Przulj Natasa
Computer Science Department, University of California, Irvine, CA 92697-3425, USA.
Bioinformatics. 2007 Jan 15;23(2):e177-83. doi: 10.1093/bioinformatics/btl301.
Analogous to biological sequence comparison, comparing cellular networks is an important problem that could provide insight into biological understanding and therapeutics. For technical reasons, comparing large networks is computationally infeasible, and thus heuristics, such as the degree distribution, clustering coefficient, diameter, and relative graphlet frequency distribution have been sought. It is easy to demonstrate that two networks are different by simply showing a short list of properties in which they differ. It is much harder to show that two networks are similar, as it requires demonstrating their similarity in all of their exponentially many properties. Clearly, it is computationally prohibitive to analyze all network properties, but the larger the number of constraints we impose in determining network similarity, the more likely it is that the networks will truly be similar.
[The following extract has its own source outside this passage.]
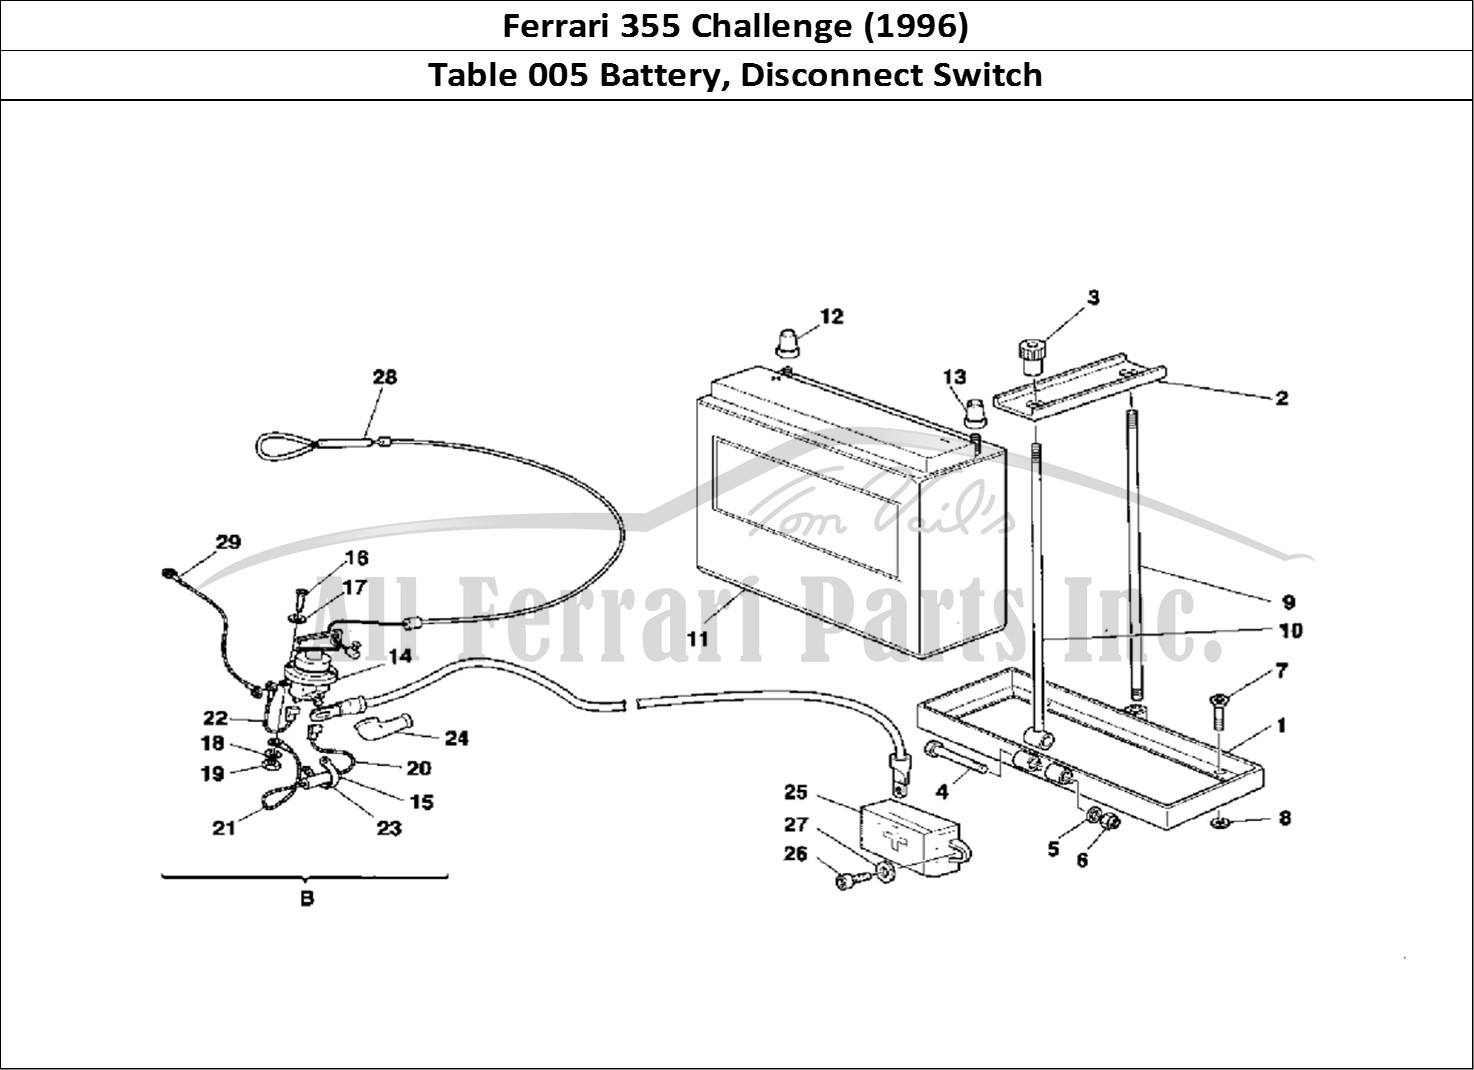 buy original ferrari 355 challenge  1996  005 battery

We introduce a new systematic measure of a network's local structure that imposes a large number of similarity constraints on networks being compared. In particular, we generalize the degree distribution, which measures the number of nodes 'touching' k edges, into distributions measuring the number of nodes 'touching' k graphlets, where graphlets are small connected non-isomorphic subgraphs of a large network. Our new measure of network local structure consists of 73 graphlet degree distributions of graphlets with 2-5 nodes, but it is easily extendible to a greater number of constraints (i.e. graphlets), if necessary, and the extensions are limited only by the available CPU. Furthermore, we show a way to combine the 73 graphlet degree distributions into a network 'agreement' measure which is a number between 0 and 1, where 1 means that networks have identical distributions and 0 means that they are far apart. Based on this new network agreement measure, we show that almost all of the 14 eukaryotic PPI networks, including human, resulting from various high-throughput experimental techniques, as well as from curated databases, are better modeled by geometric random graphs than by Erdös-Rény, random scale-free, or Barabási-Albert scale-free networks.
Software executables are available upon request.
类似于生物序列比较,比较细胞网络是一个重要问题,可为生物学理解和治疗学提供见解。由于技术原因,比较大型网络在计算上是不可行的,因此人们一直在寻找启发式方法,例如度分布、聚类系数、直径和相对图元频率分布。通过简单列出两个网络不同的一小部分属性,很容易证明它们是不同的。而要证明两个网络相似则困难得多,因为这需要证明它们在指数级数量的所有属性上都相似。显然,分析所有网络属性在计算上是禁止的,但我们在确定网络相似性时施加的约束越多,网络真正相似的可能性就越大。
我们引入了一种新的网络局部结构系统度量,该度量对被比较的网络施加了大量相似性约束。特别是,我们将度分布(用于测量“接触”k条边的节点数量)推广为测量“接触”k个图元的节点数量的分布,其中图元是大型网络中连通的非同构小子图。我们新的网络局部结构度量由73个2至5个节点的图元的图元度分布组成,但如有必要,它很容易扩展到更多约束(即图元),并且扩展仅受可用CPU的限制。此外,我们展示了一种将73个图元度分布组合成网络“一致性”度量的方法,该度量是一个介于0和1之间的数字,其中1表示网络具有相同的分布,0表示它们相差很远。基于这种新的网络一致性度量,我们表明,几乎所有14个真核生物蛋白质-蛋白质相互作用(PPI)网络,包括来自各种高通量实验技术以及经过整理的数据库的人类PPI网络,用几何随机图建模比用厄多斯-雷尼随机图、随机无标度图或巴拉巴西-阿尔伯特无标度网络建模更好。
可根据请求提供软件可执行文件。